Sunday Night Optimism 

You know those awful ten things posts? Yeah, I’m going to do one of those. 

I was being a bit of a grumpybum earlier, so decided to a list of reasons to be happy.

*accessibility warning – there are some fast rolling image gifs at the end of this post*

1. This guy. We’ve been together nearly 13 years & married for 11 of those this year. Aside from snoring like a dying gruffalo, he’s pretty amazing.

2. Mrs Gypsytree visited this summer. We didn’t get to see each other as much as we’d like as their summer started a month before ours does, but we got a lovely evening in where we celebrated them finally owning a real proper house in Norn Iron. I still miss her being a few minutes up the road, but they’re ever so happy & that’s good. 

3. I’m superhuman. Wheelchair racing has transformed being in a chair from a loss of mobility to a doorway to new friends, supportive but very real competition, and a sport that I can participate in for the first time since forever without crippling pain.
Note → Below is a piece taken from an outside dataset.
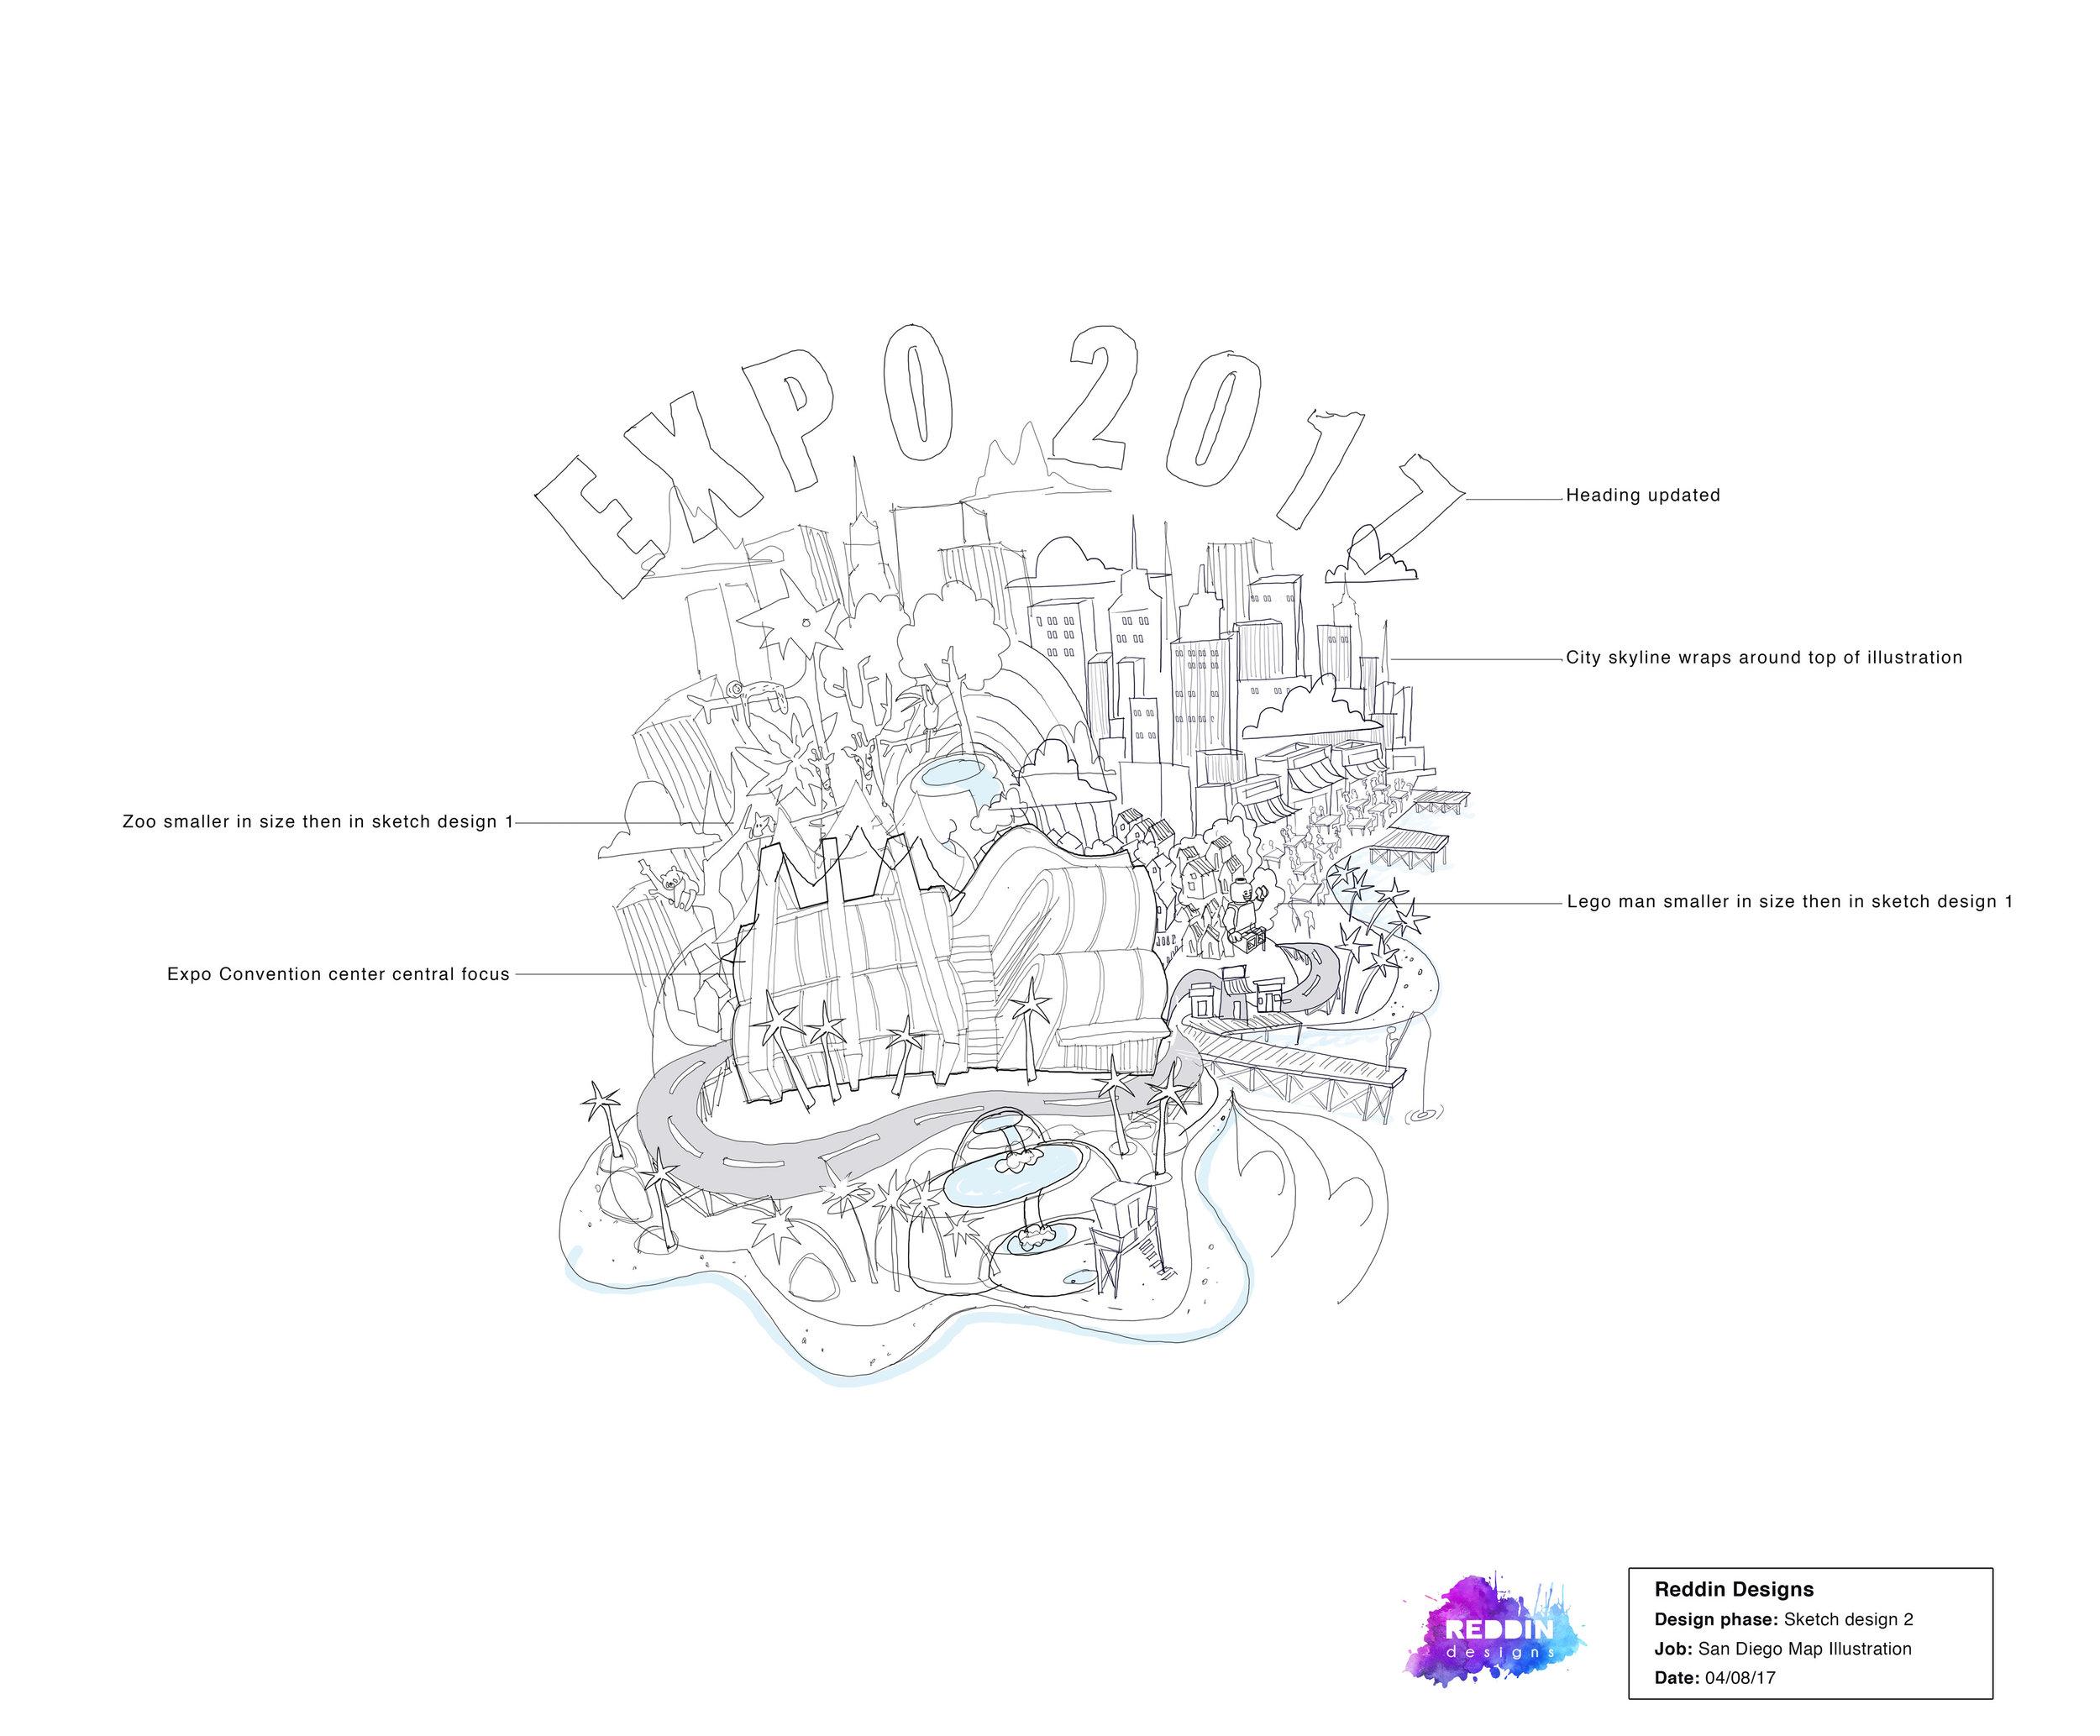 reddin designs Sketch-design-2-San-diego-illustration.jpg

Don’t get me wrong, it hurts, in fact on the first corner of this particular race my hip popped so badly that it came all the way out & I pushed 800m with a fully dislocated hip & a subluxed shoulder. At the end I was gasping for breath & Mr Geek had to haul me out of the chair and push everything back in & feed me morphine.

BUT, I competed in my first race with my friends, showed people we’re enabled, & we all came away with fist bumps and massive smiles.

This is the face of someone who is going to FINISH this race.

4. We’re getting somewhere with the joined up thinking. I’m now officially seeing the neurology team at UCLH and not only are they looking into the POTS symptoms, they’re being joined up and looking at the other weird nerve issues with the lack of feeling & strange reflexes in my feet, and looking at ways to manage the EDS. It means more time & lengthier stays here, but it’s progress and very positive. They even encouraged my chair racing as a positive way to keep the autonomic car crash that is my body as functional as possible 😆

5. Half way there! The scary seven are still enjoying lashings of ginger beer together. Despite now living 600 miles apart, the minute they get together they’re back to being the same tribe that they’ve always been. This year we couldn’t physically make it up to “our tree” so settled for a bench instead. They didn’t seem to mind, although this once again confirms that it is impossible to get a photo of all of them making a near sensible face!

6. My life doesn’t have to be restricted to reality. My hands may not grip pens or paint brushes anymore, but on a good day I can hold a controller and paint virtually. The VIVE has allowed me to return to using a virtual paintbrush & now sit quietly in a vast dark room and paint in 3D. The best bit is I can choose from any size brush and whilst the virtual brush size changes, the controller remains the size of a crutch grip & is as light as a tv remote control. I’ve learnt how high I can lift my arms now without dislocating (Although I still get engrossed and utterly forget, then re-enact the scene from Horton hears a who where the mayor runs from the dentist). Weirdly, I can self-propel in VR & it feels like normal.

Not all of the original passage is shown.